Looking inside the war industry is easy to do. Changing it to a “peace” industry clearly quite another. My dozens of proposals for what to do collect dust as do those of others. But, in closing, I want to resurrect one of them I cited in one of my books, the civilianization of the war industry. I learned of the idea from Ellen Hodgins Brown, lawyer, prolific book and article writer, and founder and chair of the Public Banking Institute. Her idea is to “civilianize” the war industry.13 Turning swords into ploughshares, of course, is an old idea and one that has worked temporarily in the past as when at the end of WWII a large portion of America’s GDP was converted from military to civilian outputs. Ms. Brown gives as examples of civilianization turning bases into industrial parks, schools, airports, hospitals, and recreation facilities; and converting factories that churn out war machines into factories producing consumer and capital goods such as machine tools, electric locomotives, farm machinery, oil field equipment, and construction machinery for modernizing infrastructure. She cites evidence of how a well-designed military conversion program can create more jobs, not less than the military can create. Moreover, successful conversion would avoid throwing millions of trained people out of work.
Another reason I highlighted Lockheed Martin is because it is a very diversified corporation. Besides being a merchant of death, it sorts the mail but is not the USPS; cuts Social Security checks but is not the SSA; counts the census but is not the Bureau of the Census; monitors air traffic; but is not the FAA; runs space flights but is not NASA; and helps spy on Americans but is not NSA.14 Lockheed Martin, in other words, knows how to do a lot of things. It would seem ripe for civilianization. Give its owners and top management perp walks before the court of public opinion if not also before the International Criminal Court and rehabilitate the underlings with good, socially responsible civilianized jobs.

  1. See pp. 166-168 of my book, America’s Oldest Professions: Warring and Spying, Create Space Independent Publishing Platform, 2015.
  2. Ibid., pp. 33-34.
  3. Thompson, L. Five Reasons the Defense Industry Is Still A Better Investment Than Other Sectors. Forbes, September 10, 2012.
  4. Brumback. Ibid. p. 124.
  5. Lake, E. “Top Spy Website Hacked. The Daily Beast”, September 16, 2011.
  6. Dayen, D. Defense Industry Gives Top Super Committee Democrat An Award, September 14, 2011.
  7. Amick, J. When the Defense Industry and Congress are Indistinguishable: Drone Edition.  September 14, 2012.
  8. Verloy, A. & Politi, D. “Advisors of Influence: Nine members of the Defense Policy Board Have Ties to Defense Contractors”, The Center for Public Integrity, May 19, 2014.
  9. See,  Hartung, W., “Prophets of War: Lockheed Martin and the Making of the Military- Industrial Complex”, Nation Books, 2010; Wikipedia; and Weigley, S. “10 companies Profiting the Most from War”, 24/7 Wall St., March 10, 2013.

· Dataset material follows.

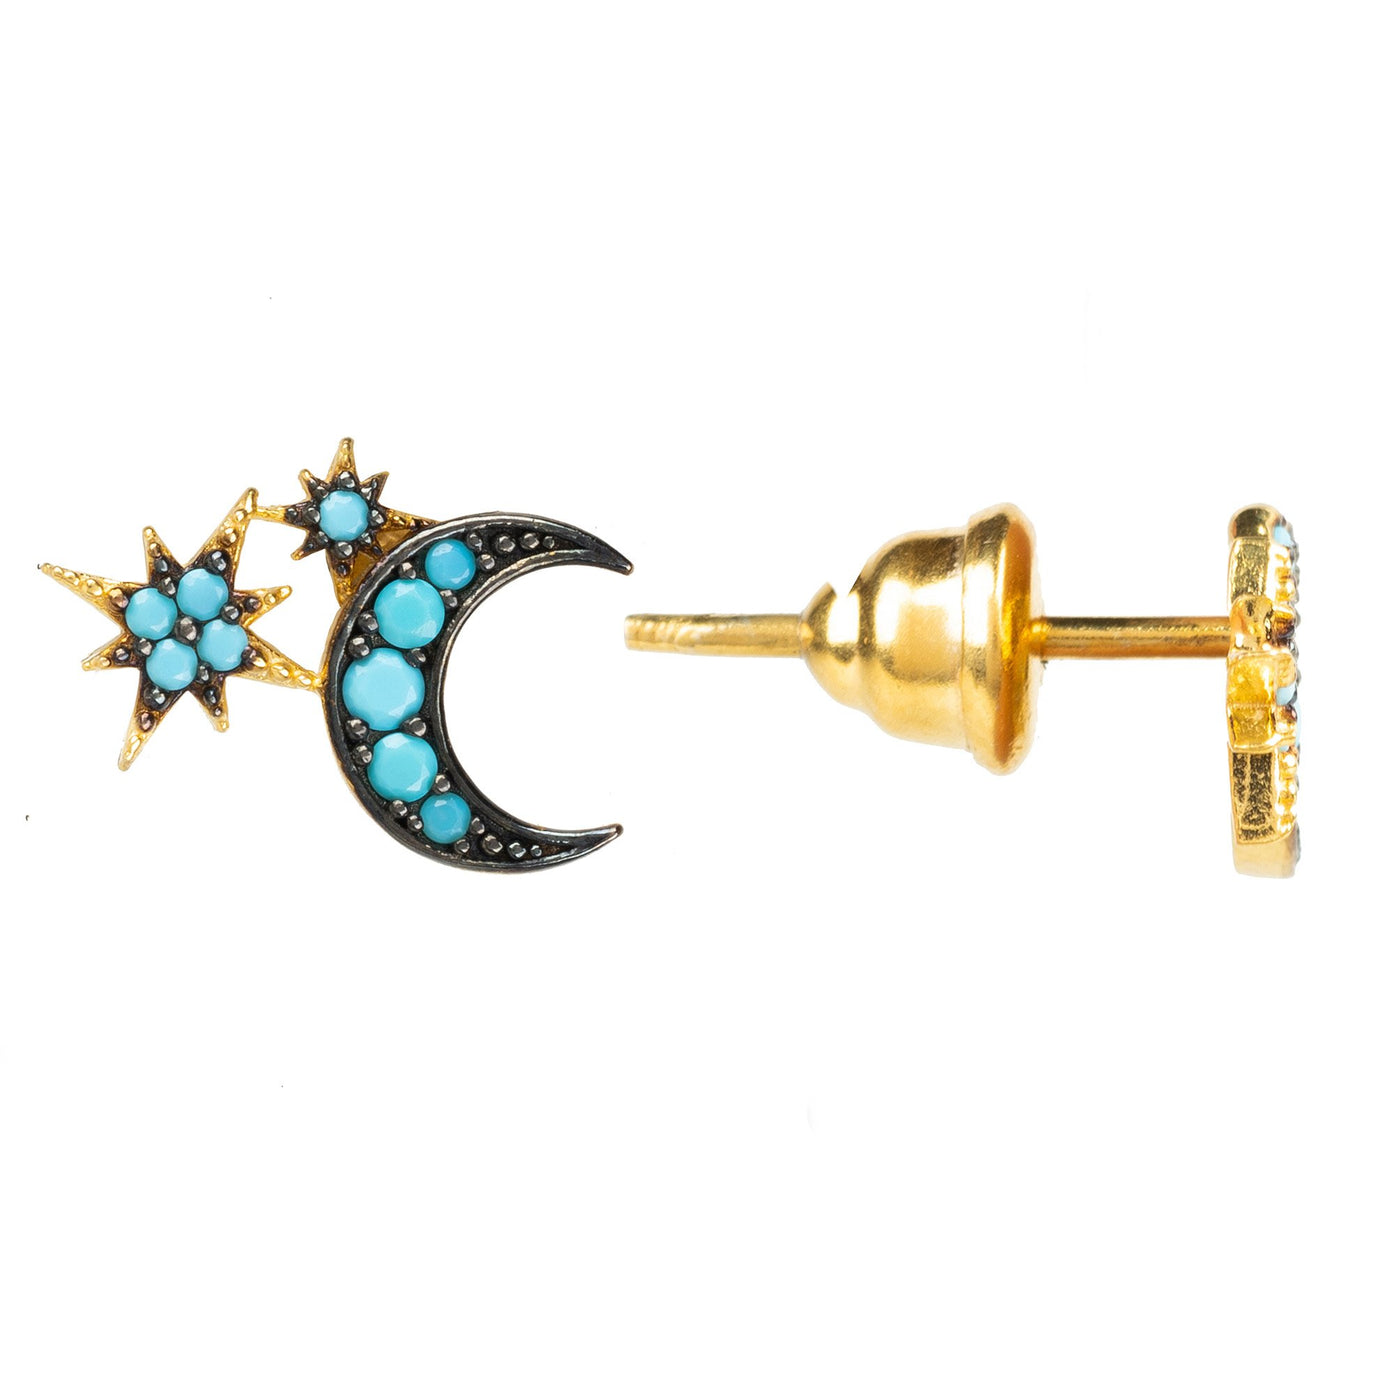 Stud earrings - moon and stars - 22 carat gold plated - Turquoise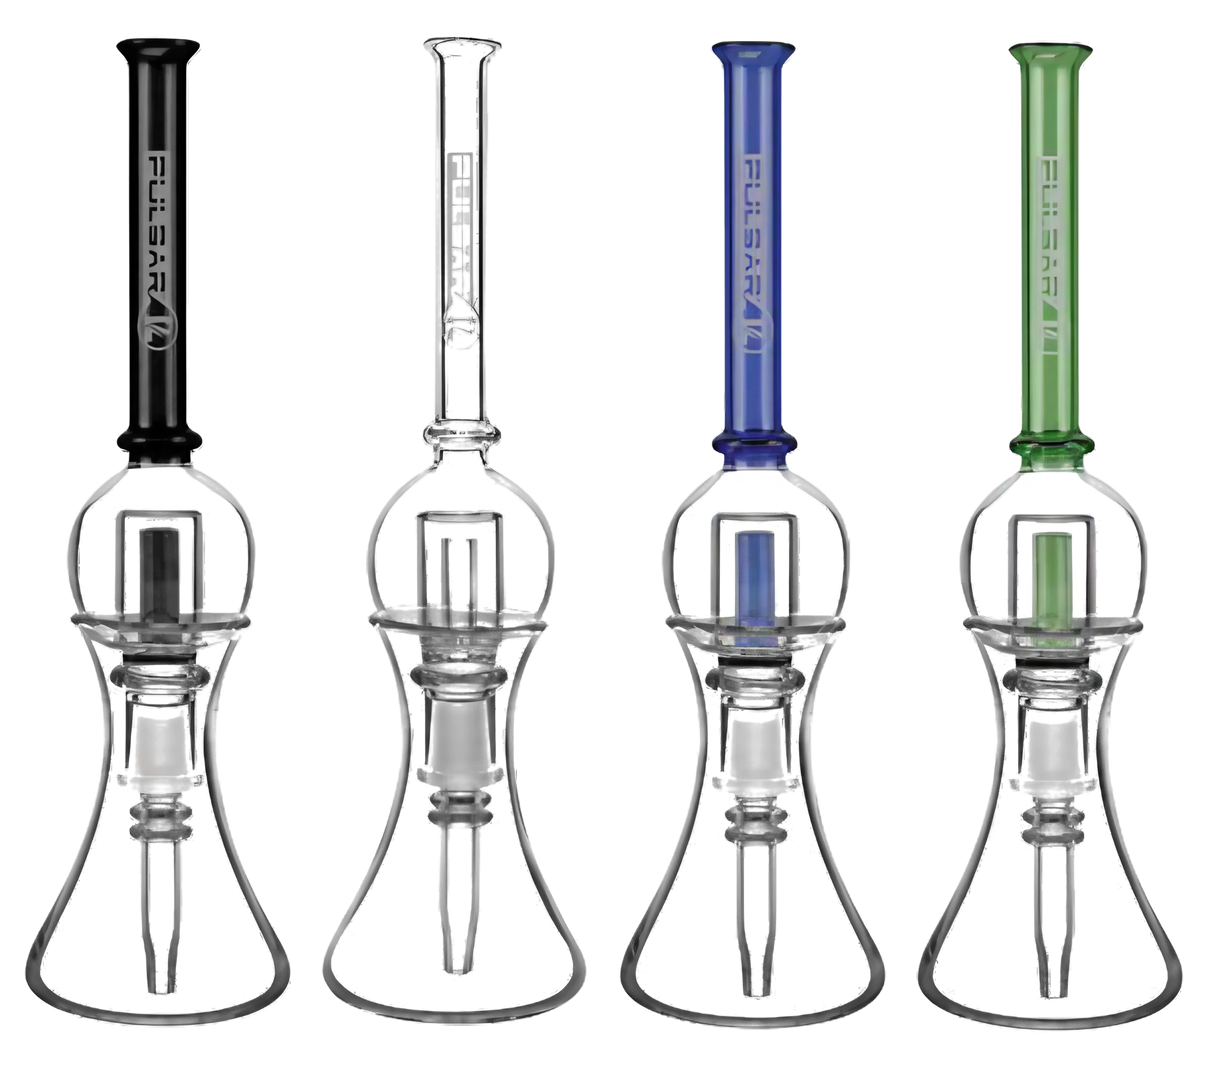 Pulsar Bubble Vapor Vessels with Quartz Tips & Stands in black, clear, blue, and green

  10. Project on Government Oversight, Federal Contractor Data Base. December 26, 2013.
  11. Goulka, J. “Lockheed Martin’s Herculean Lobbying Efforts”, Mother Jones, March 11, 2013.
  12. Van Dorn, M. “Lockheed Martin No Stranger To Ethically Questionable Lobbying”, Truthful Lobbying, June 24, 2013.
  13. Brown, EH. “The Military as a Jobs Program: There are More Efficient Ways to Stimulate an Economy“, Dissident Voice, June 23, 2011.
  14. See lockheedmartin.com; also, Hartung, W.D. “Is Lockheed Martin Shadowing You? How a Giant Weapons Maker Became the New Big Brother”, TomDispatch.com, January 11, 2011.